# Snake Boots



## Washington95 (Aug 30, 2010)

OK fellas, save me some time here.

I need some snake boots, but I don't want those with molded soles.  I've had some molded sole boots soles disintegrate after 4-5 years or less.  Want something that the soles/heels can be replaced on -- like shoes/boots used to be.

Snake boots should last a lifetime, or nearly, with maybe sole/heel replacement or two, but I don't think the molded sole boots are designed to last.  I had pair of boots I liked so well I bought a spare pair and put them up for 3-4 years.  When I took them out, wore them a few days, the heel literally came apart.  Georgia Boot.


----------



## rjcruiser (Aug 30, 2010)

I know...molded sole....

Danner Pronghorns.  If they do wear out, you can send them back to Danner to have them "Reconditioned."  Check out their website and they'll have the specifics on them.

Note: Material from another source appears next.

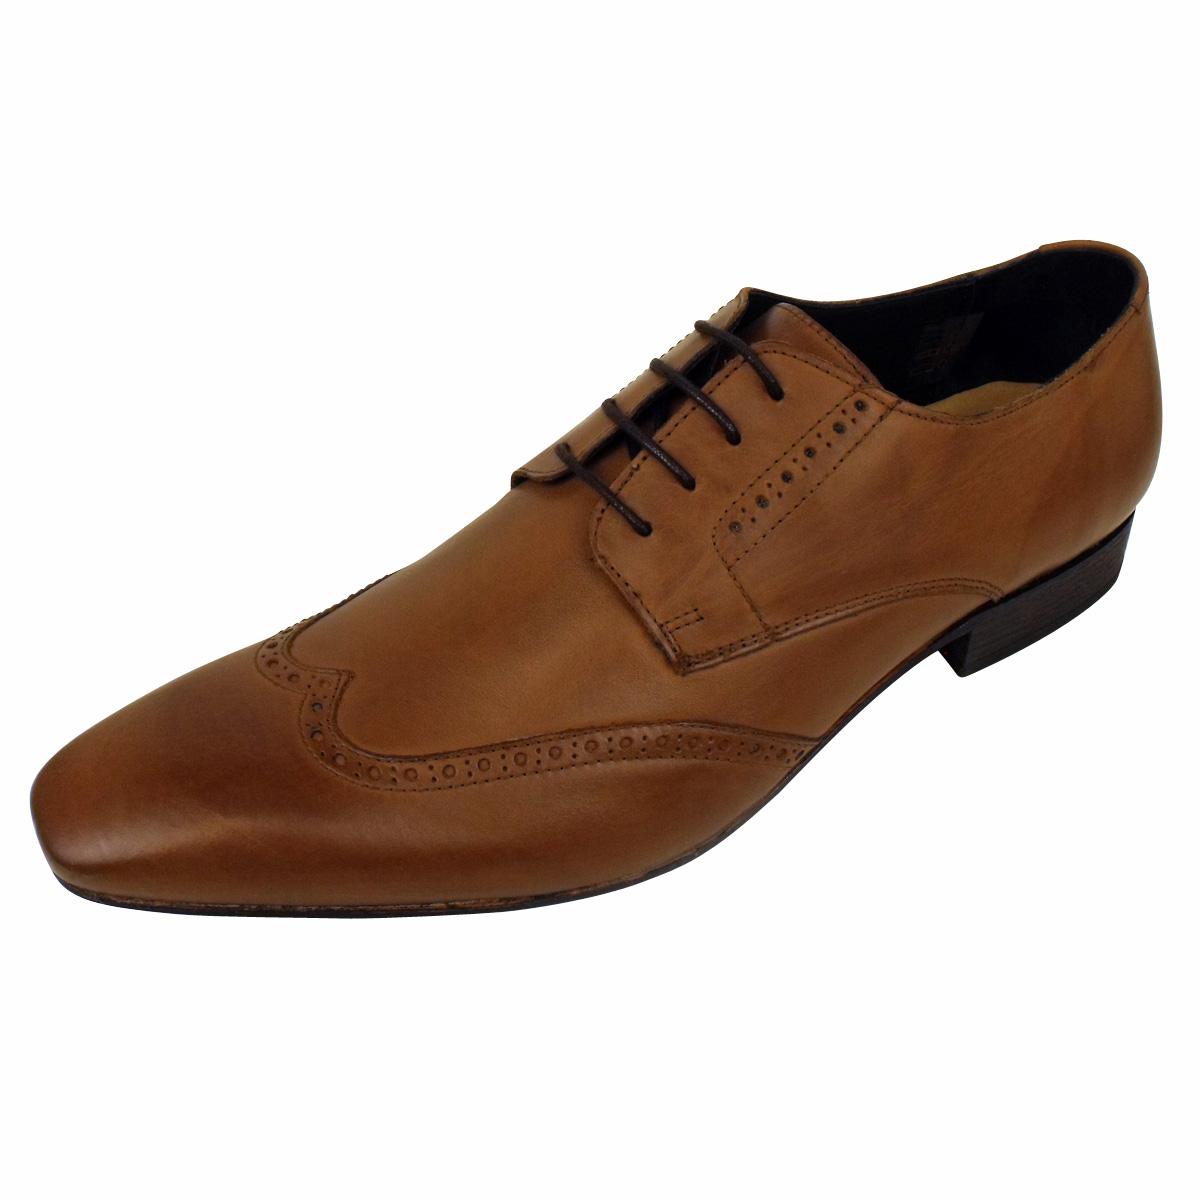 Hudson Shoes Womens Brogues

Also, you can find them for around $185 or so brand new..just search amazon.   I've had mine for 2 years now and love them.


----------



## Wiskey_33 (Aug 30, 2010)

Chippewa makes snake boots that appear to be what you're looking for.


----------



## Bubbaforsure (Aug 30, 2010)

rjcruiser said:


> I know...molded sole....
> 
> Danner Pronghorns.  If they do wear out, you can send them back to Danner to have them "Reconditioned."  Check out their website and they'll have the specifics on them.
> 
> Also, you can find them for around $185 or so brand new..just search amazon.   I've had mine for 2 years now and love them.

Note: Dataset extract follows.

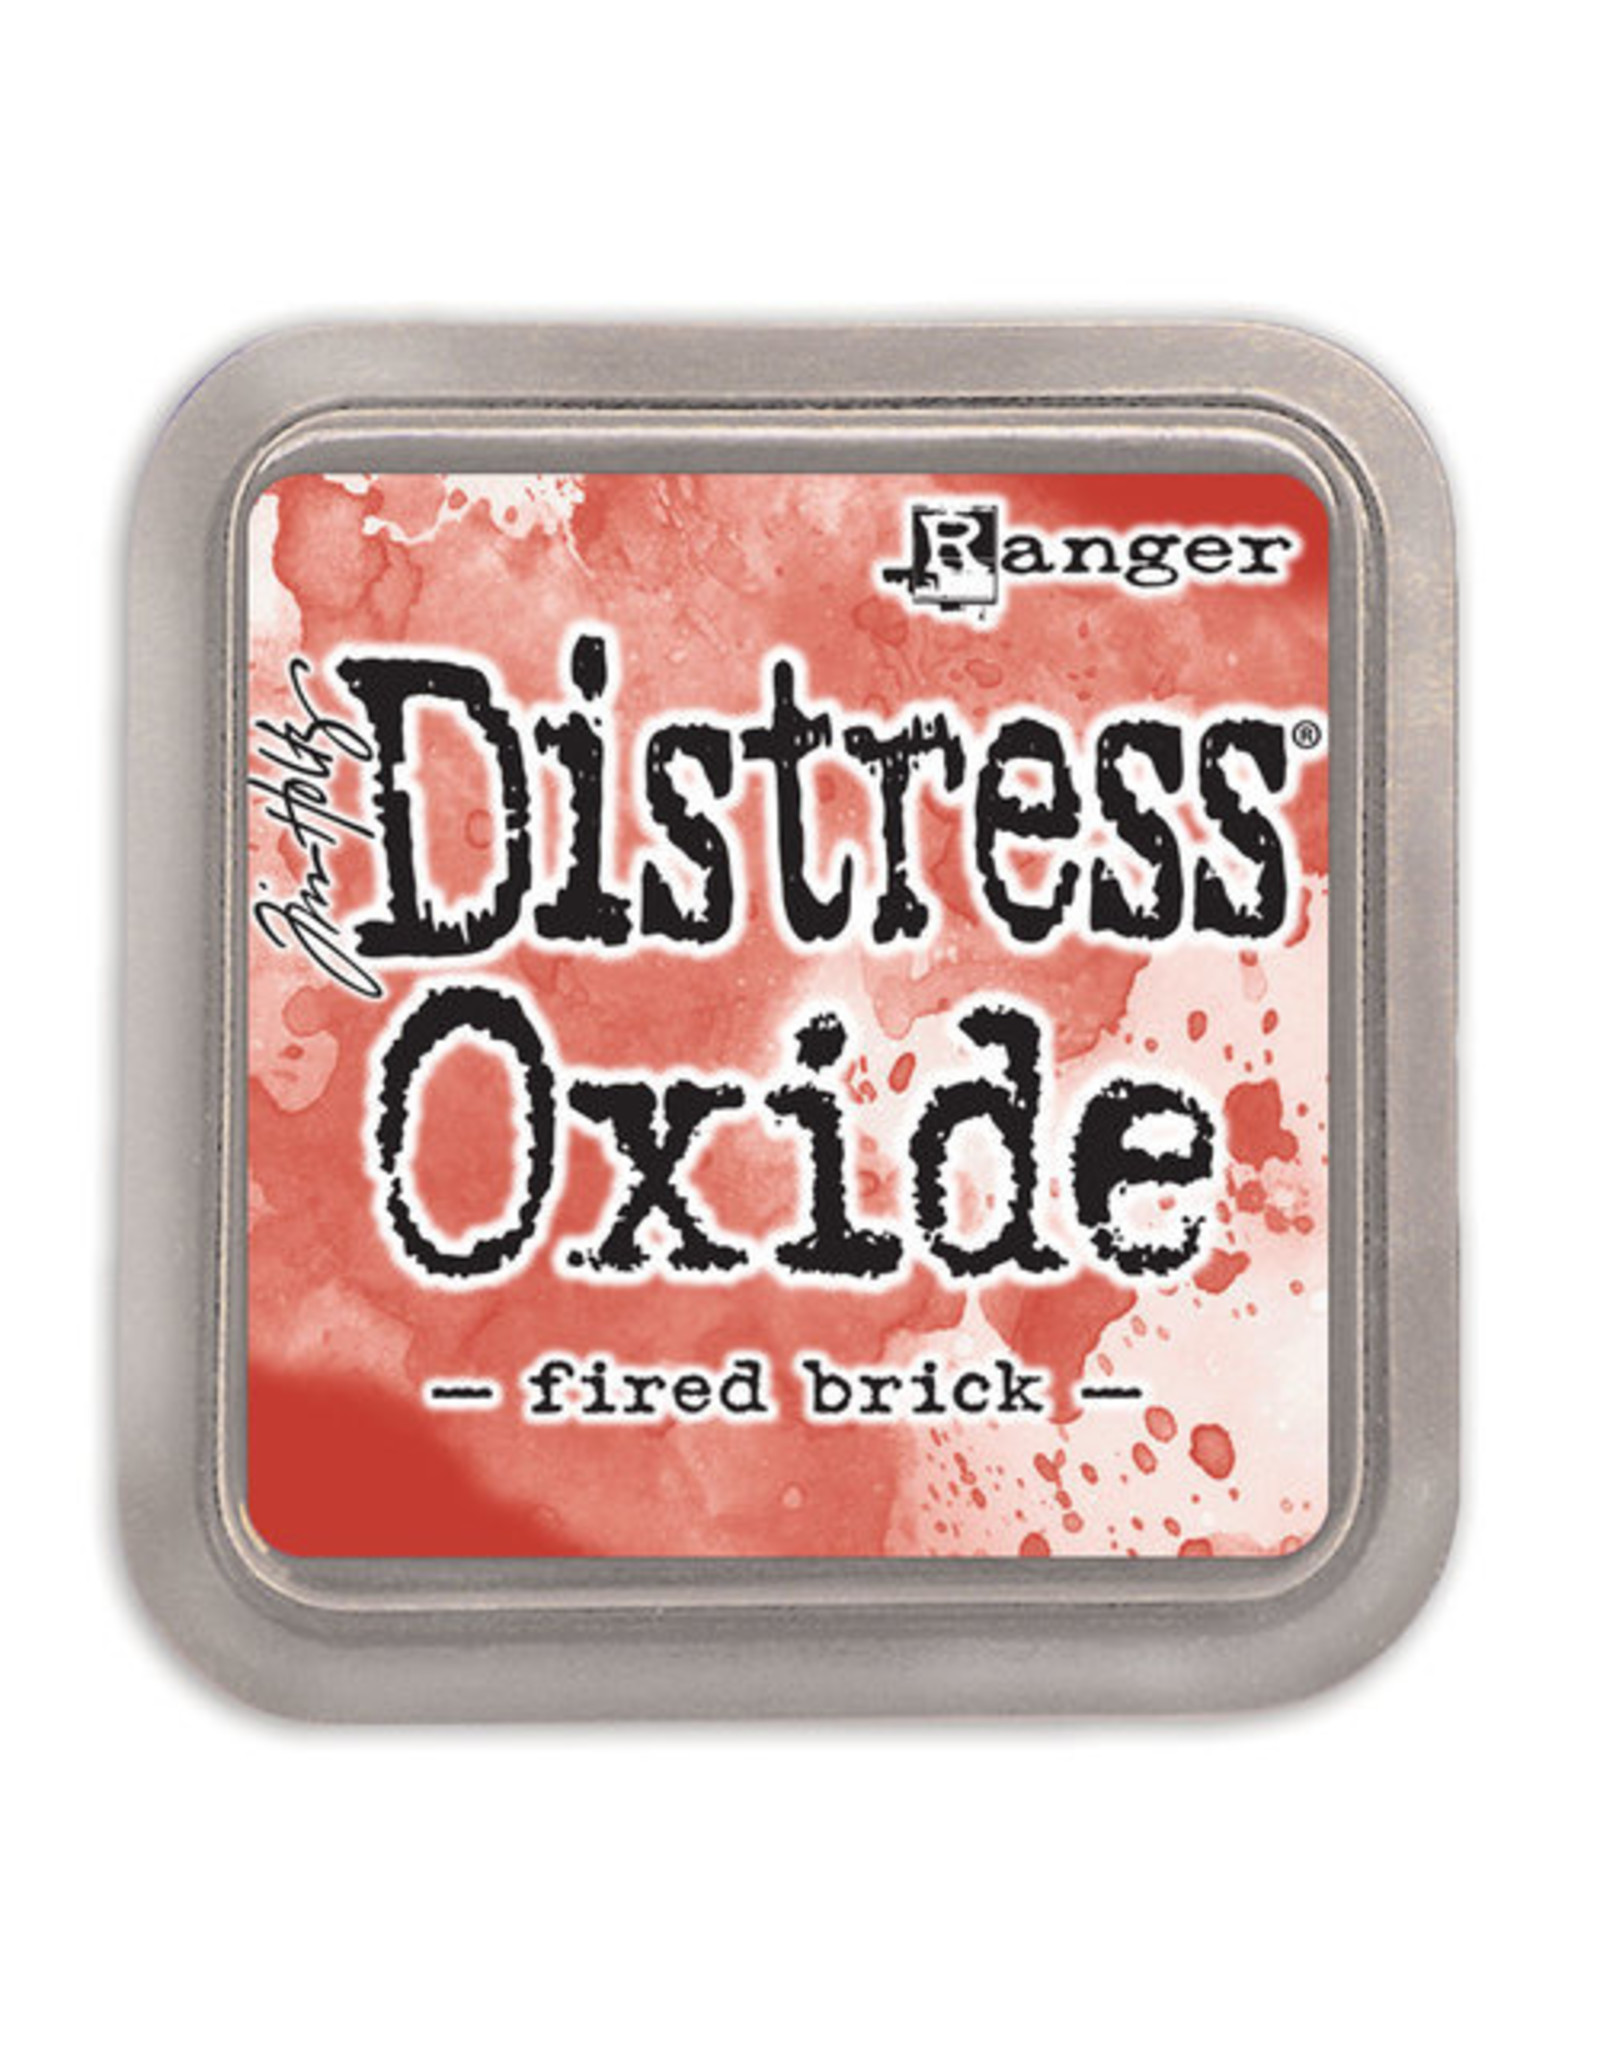 Ranger Distress Oxide Ink Pad - Fired Brick

X2...Best boot I have ever put my number 12's in. Comfortable, dry, waterproof, worth every penny!


----------



## HALOJmpr (Aug 30, 2010)

Search the forum there's a link for danners for $158    they just didn't have my size 13


----------



## kaslumber (Sep 1, 2010)

*Sake boots*

Sent you a link.


----------



## gcs (Sep 17, 2010)

I'm looking for a pair of Danners snake boots, but I can't find anybody that has any in stock. I've tried to order online but everybody say's they will ship direct form the manufacture and they are on backorder. Anybody in north Ga. got these boots in stock? Need size 13 wide.


----------



## Nitro (Sep 17, 2010)

Russell

www.russellmoccasin.com


----------